I think it is possible to buy cherry trees grafted onto dwarfing rootstock, but I haven't found any yet, much as I would like to.
Good luck!
 

Amanda P

Legendary Member
Depths of winter, ideally.

You can do it anytime, but of course later in spring or summer you are cutting off wood, leaves or even fruit that the tree has put stored energy into growing, thus weakening it. If you prune in winter, before the buds break, the tree can put that energy into new growth.
 

rich p

ridiculous old lush
Location
Brighton
I'd pollard it and remove the branches that go the wrong way. Train the remaining branches along wires. I saw loads of pollarded cherry trees in Belgium espaliered - it's obviously a local tradition.

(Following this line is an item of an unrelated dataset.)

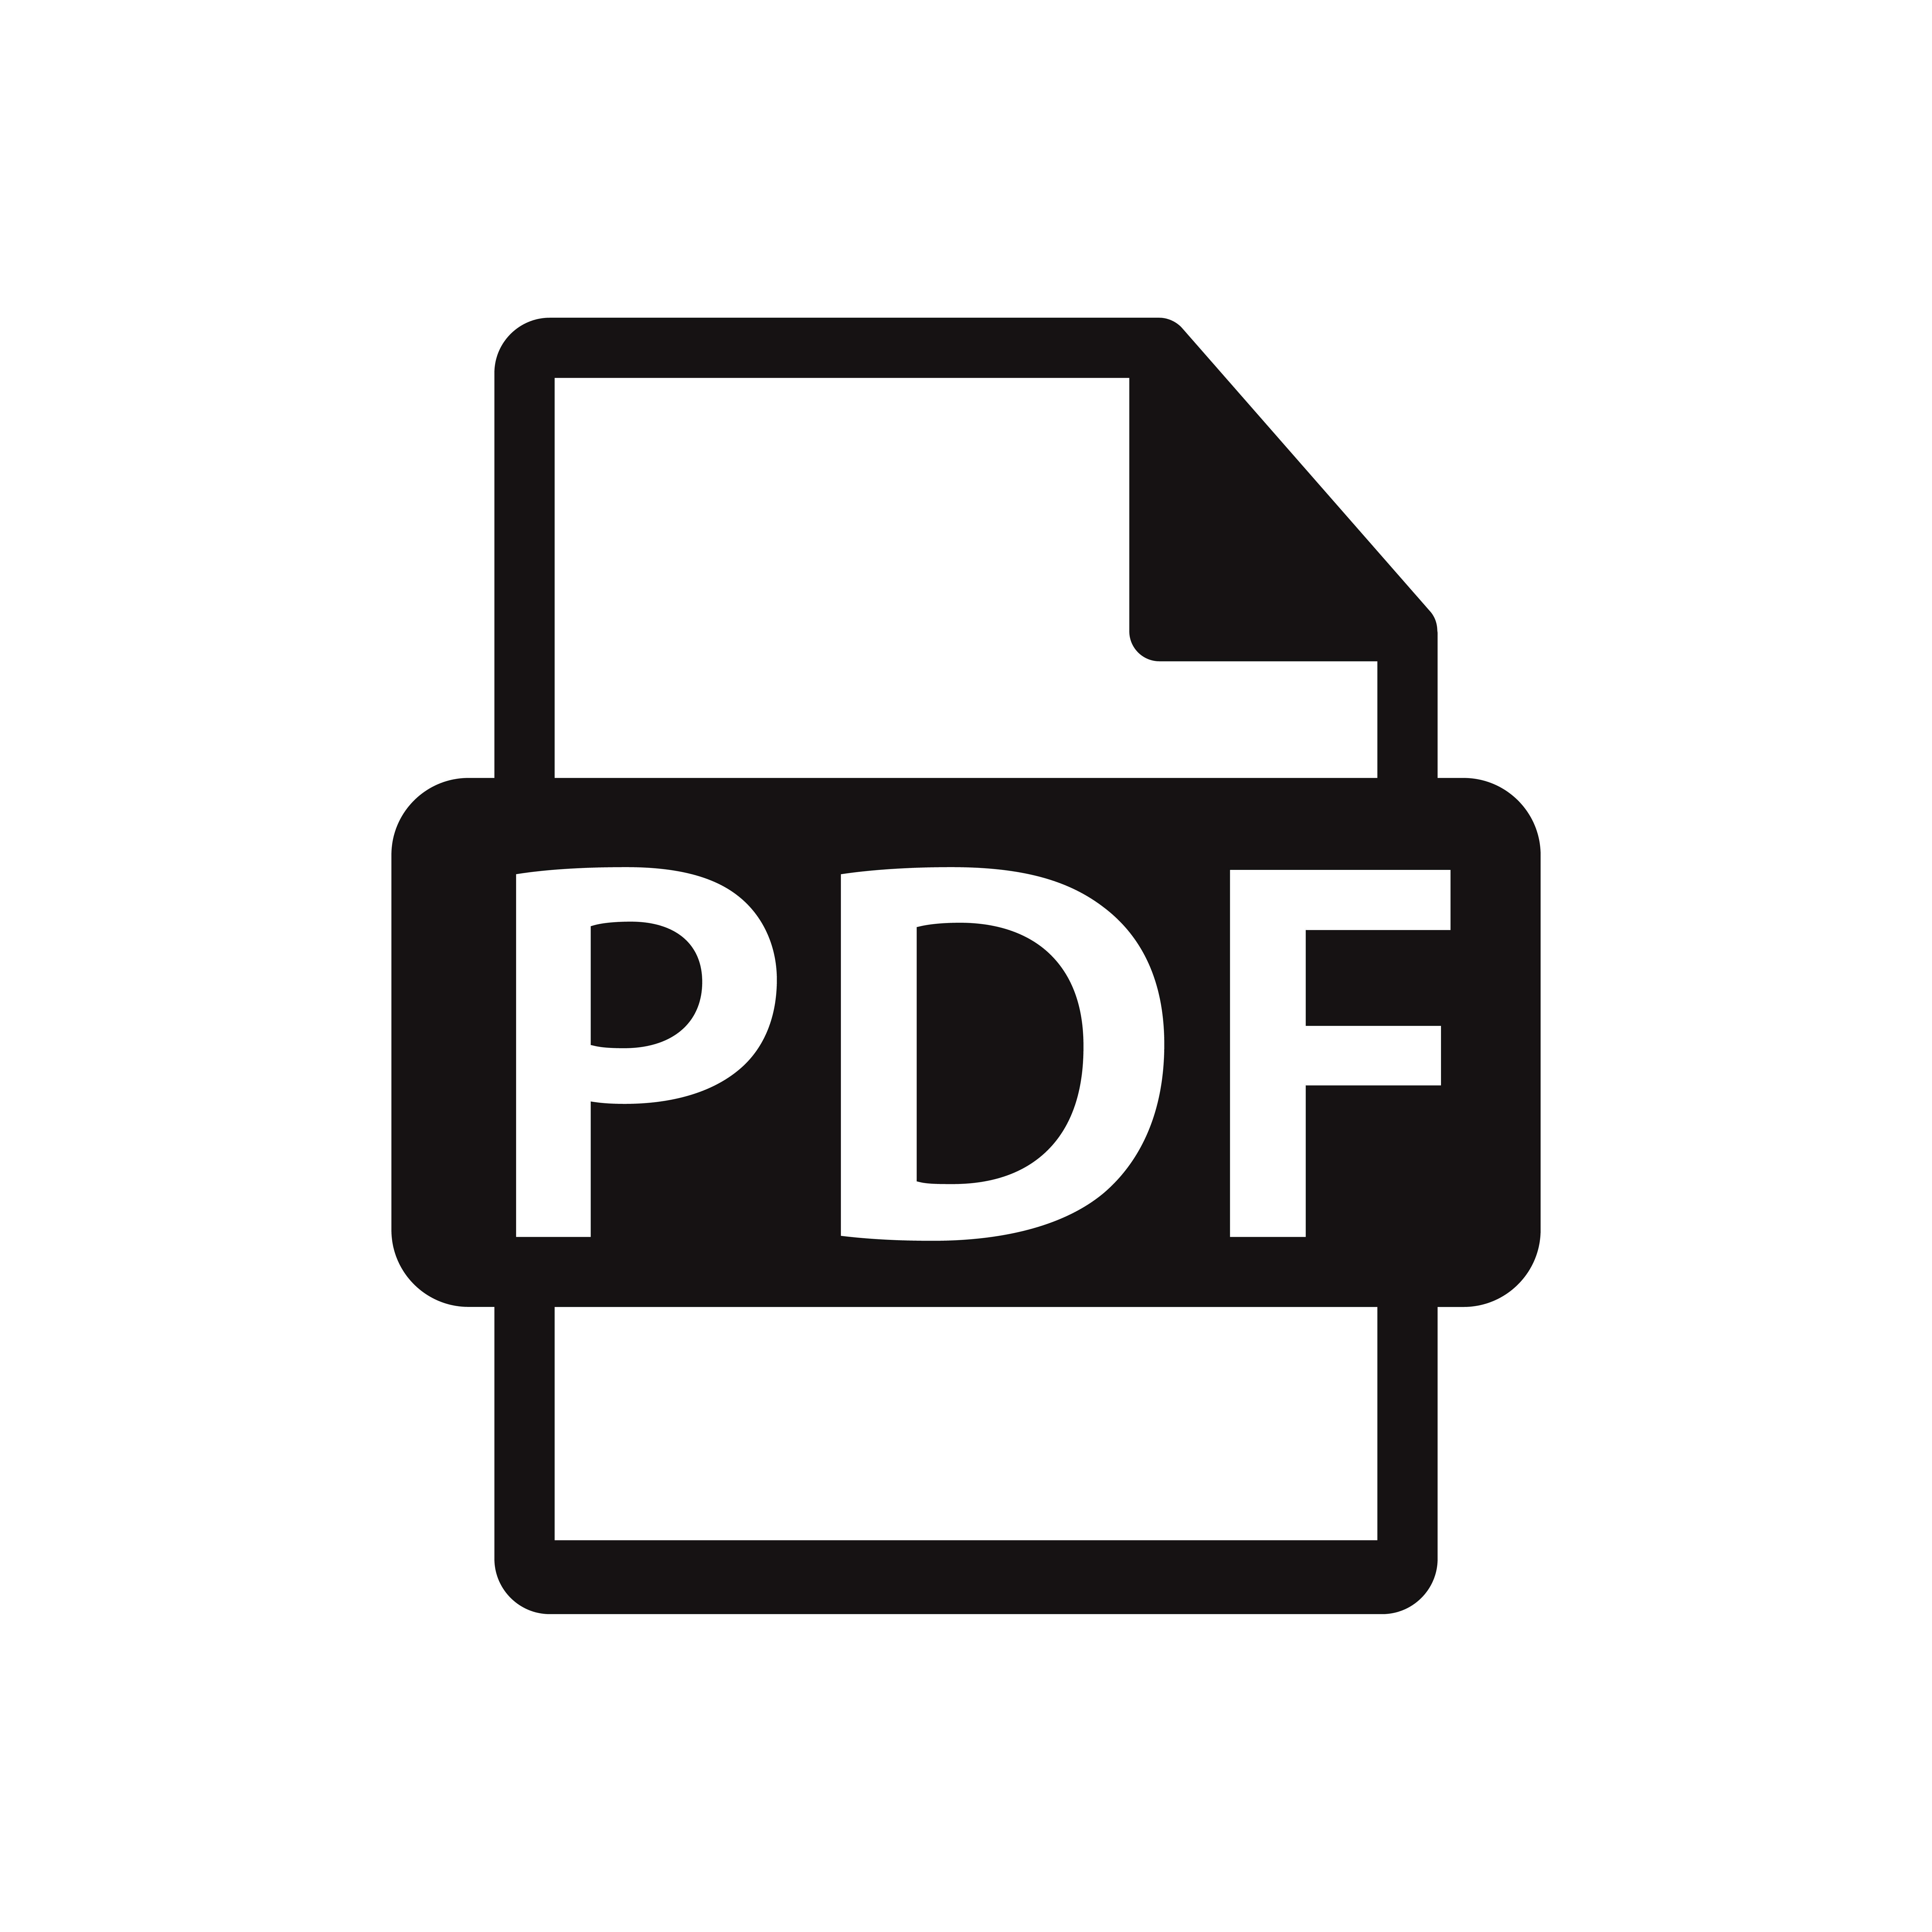 Pdf icon. Знак pdf. Иконка pdf. Пиктограмма pdf. Иконка pdf файла.

I pollarded a silver birch a few years ago to make an umbrella shape and it worked fine.
 

Amanda P

Legendary Member
If that's a real danger, prune the dodgy bits now, before the tree commits itself any further. Perhaps save any really radical surgery (like pollarding or coppicing) until winter, though.
 

Maz

Guru
What's the best weedkiller money can buy? Any recommendations?
 

Amanda P

Legendary Member
Roundup is pretty good for spot-treating individual plants you don't want (dandelions on paths and in lawns and the like). Simazine (various brand names) is good for treating large areas like gravel drives, but often doesn't kill off the root of big, tap-rooted weeds like dandelions once they've got established. "Lawn sand", containing ferrous sulphate is useful for discouraging broad-leaved weeds and moss in lawns.

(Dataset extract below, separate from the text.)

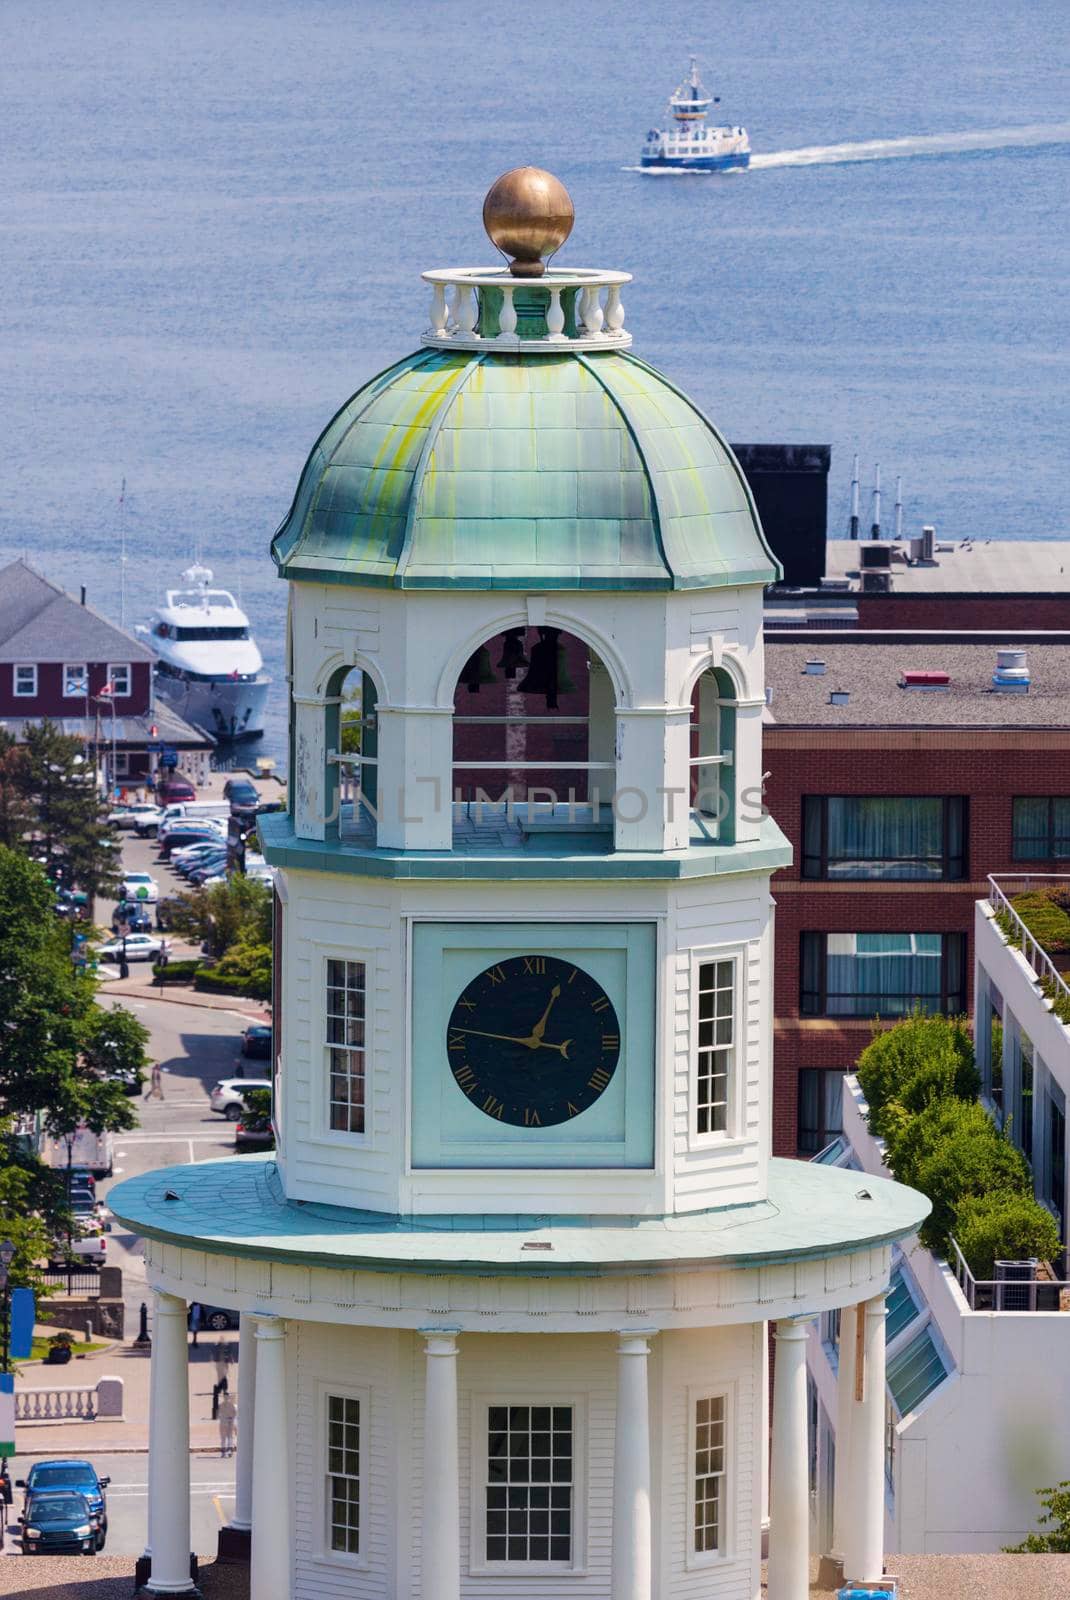 Halifax Town Clock, Nova Scotia. Halifax, Nova Scotia, Canada.

Depends what you want it to do exactly.

In fact, last time I looked, there weren't many other active ingredients Joe Public could buy for amateur garden use.

Boiling water or a blow torch are pretty effective if you don't want to use chemicals and there aren't any other plants nearby you don'twant to kill.

Whatever you use, this time of year (ideally a bit earlier, before most weeds got a first crop of seeds off) is a good time to use it, when weeds are growing at full speed.

Next question?
 

Amanda P

Legendary Member
I did ask. But I don't know. However, politician-like, I will evade the question by answering that I think most bonsai trees are of species that have small leaves anyway - possibly because the answer is no,they don't grow leaves in scale and a six-inch tree with six-inch leaves would just be silly.
 

Mr Pig

New Member
Uncle Phil said:
Roundup is pretty good for spot-treating individual plants

That's my favorite. I use it in a skooshy bottle to spray directly onto the weeds. I like it because you can use it right next to other plants without harming them as it only kills the plant you spray it on, it's neutralized in the soil. Things like Pathclear just kill everything and keeps working once in the ground.